Articles
5 February 2019

Mexico: It’s too soon for a dovish shift at Banxico

This week’s monetary policy meeting will be the first with the two newly-appointed board members. Investors would like to see signs of policy continuity, while any significant dovish departure would be a risk to monitor. Attractive rates, a solid macro stance and a more dovish FOMC suggest, meanwhile, a benign near-term bias for local assets

Banxico has been a chief anchor of market stability

Mexico’s central bank (Banxico) has played a critical and ultimately successful role in the stabilization of Mexico’s local markets in recent years, when policymakers have faced several major shocks that resulted in sharp depreciation and heightened volatility in local assets.

These included the collapse in oil prices at the end of 2014, the election of Donald Trump in 2016, the NAFTA treaty renegotiation and, finally, the election of Lopez Obrador.

Banxico’s success, evident in the superior central bank credibility achieved through pro-active monetary policy decisions, is a critical legacy inherited by the Lopez Obrador administration. It is also, perhaps, the last remaining critical element of the policymaking apparatus that investors should monitor, to try to understand the extent to which policy preferences of the new administration will shape overall policy directives.

The first meeting of the new regime

Mexico’s monetary policy committee meets again this Thursday and there’s a broad consensus that bank officials will keep the policy rate stable, at 8.25%.

We also expect policy guidance to remain relatively hawkish, even if the board should display a much-reduced appetite for further rate hikes, effectively moving the policy guidance closer to a “neutral” bias.

Several considerations could justify a less hawkish bias to the bank’s policy guidance. Chief among them is the recent dovish surprise by the US FOMC, which, in practice, should be seen as a near-term improvement in the risk profile for the Mexican peso.

The second important dovish development seen in recent weeks is the growing evidence that economic activity is moderating. This is evident in several indicators including the weaker-than-expected GDP print for 4Q, declining industrial and investment activities, the surprising uptick in unemployment, and the loss in momentum in bank lending, notably business loans (see chart below).

Recent activity data added a downward bias to 2019’s GDP result

Source: Macrobond
Macrobond

The yearly inflation rate continues to fall, thanks to favourable base-effects and decelerating energy prices, and we expect it to continue falling throughout 2020 (see chart below).

However, at 4.8% YoY (a new print will be published on Thursday, before the policy meeting), inflation remains high, and the pace of convergence towards the 3% target has been slower than expected, which has also contributed to keep inflation expectations meaningfully higher than the target (see chart).

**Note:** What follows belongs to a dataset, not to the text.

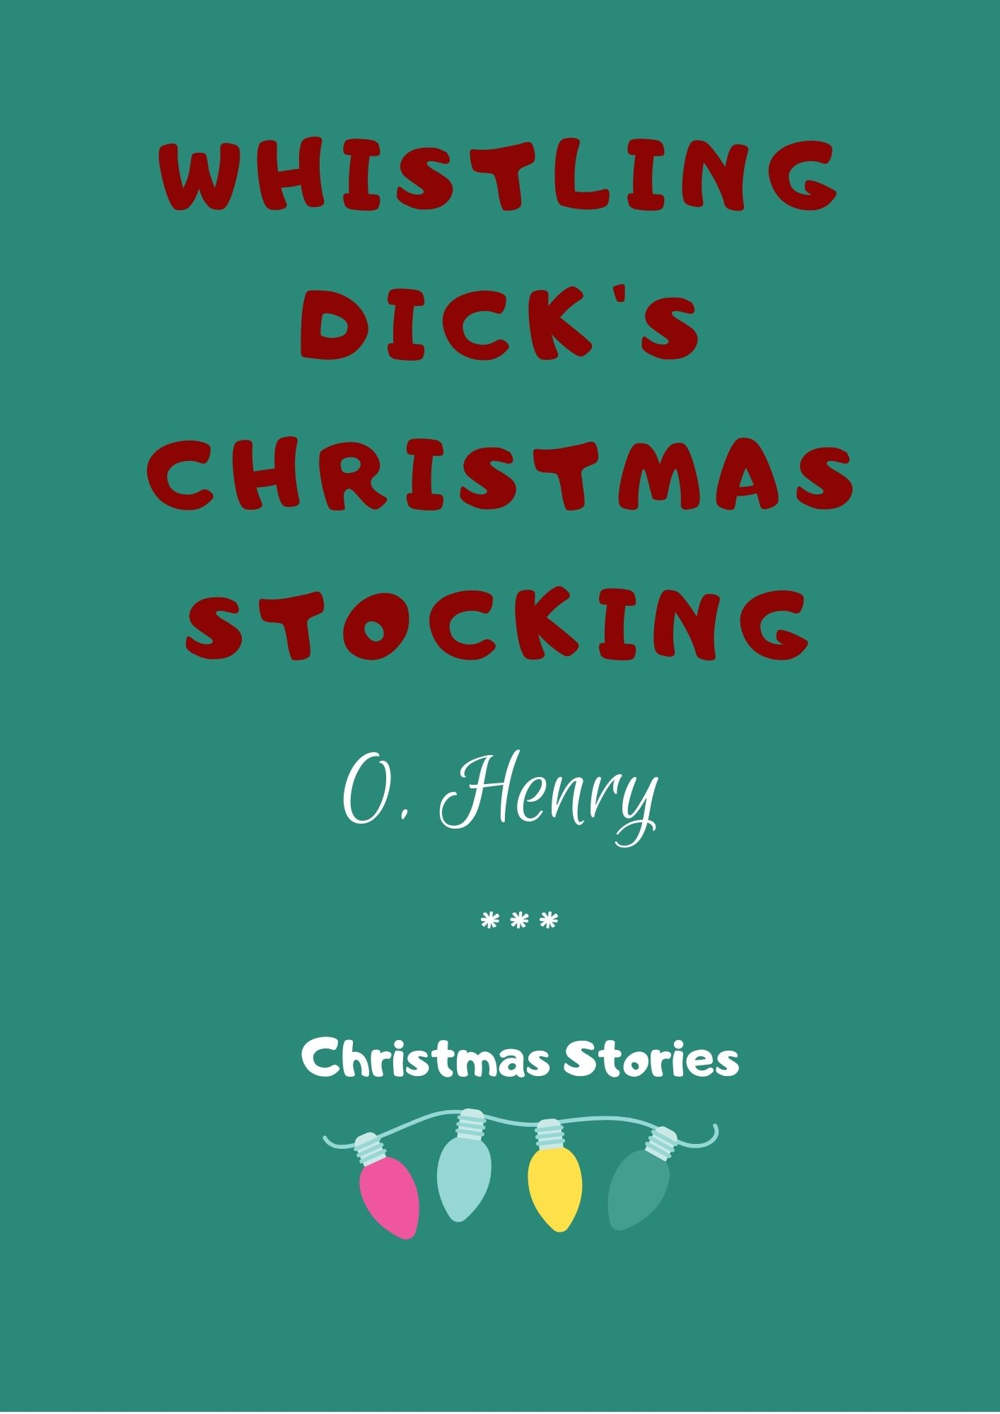 Whistling Dick's Christmas Stocking by O. Henry

Inflation dynamics remain too high for comfort

Source: Macrobond, ING
Macrobond, ING

Lastly, Banxico’s five-member board makeup has changed with the addition of two Lopez Obrador appointees, Jonathan Heath and Gerardo Esquivel. Both will have their inaugural meeting this week.

In our view, given that monetary policy remains the most important anchor of stability for local financial markets, it would be important for Banxico to signal continuity, rather than a break from past policy preferences. In particular, we suspect that, at this stage, signs of dovish dissent could be damaging.

Rate cuts should be considered later in the year

Inflation will likely re-enter the targeted range at the end of the year, allowing Banxico to start considering rate cuts. It is too soon for Banxico to signal a material dovish shift, however. Given the large presence of non-resident portfolio holdings in the local market, Banxico should proceed with caution, in light of still-unsettled external and domestic uncertainties, and conduct policy with an eye on preventing sustained FX outflows.

Lopez Obrador has repeatedly stated his commitment to respect and uphold Banxico’s independence. However, the recent leftist experience in Brazil is illustrative, and we suspect investors will be closely monitoring the evolution of Banxico’s policymaking in the coming months, looking for signs of political interference.

Another crucial local development that investors will monitor is PEMEX. The large two-notch credit rating downgrade announced by Fitch last week, if followed through by other agencies, adds important downside risk for both financial markets and the economy at large and bears close monitoring.

Despite risks associated with central bank independence and lingering fiscal/PEMEX concerns, we believe that the Lopez Obrador administration is now settling into a more conservative policymaking stage, after having solidified some key controversial “political victories” in recent months.

In particular, the risk of rupture in market credibility in issues like fiscal prudence and central bank independence should take a bit longer to emerge. If Brazil’s recent experience is any indication, that risk would rise specially if economic activity disappoints, as pressure on the administration to find alternative means to boost economic growth would rise, increasing the risk of policy mistakes.

For now, however, the mix of attractive rates, solid macro fundamentals and the relatively benign external environment suggests that a “glass half-full” perspective is likely to prevail, adding a benign near-term bias for local assets.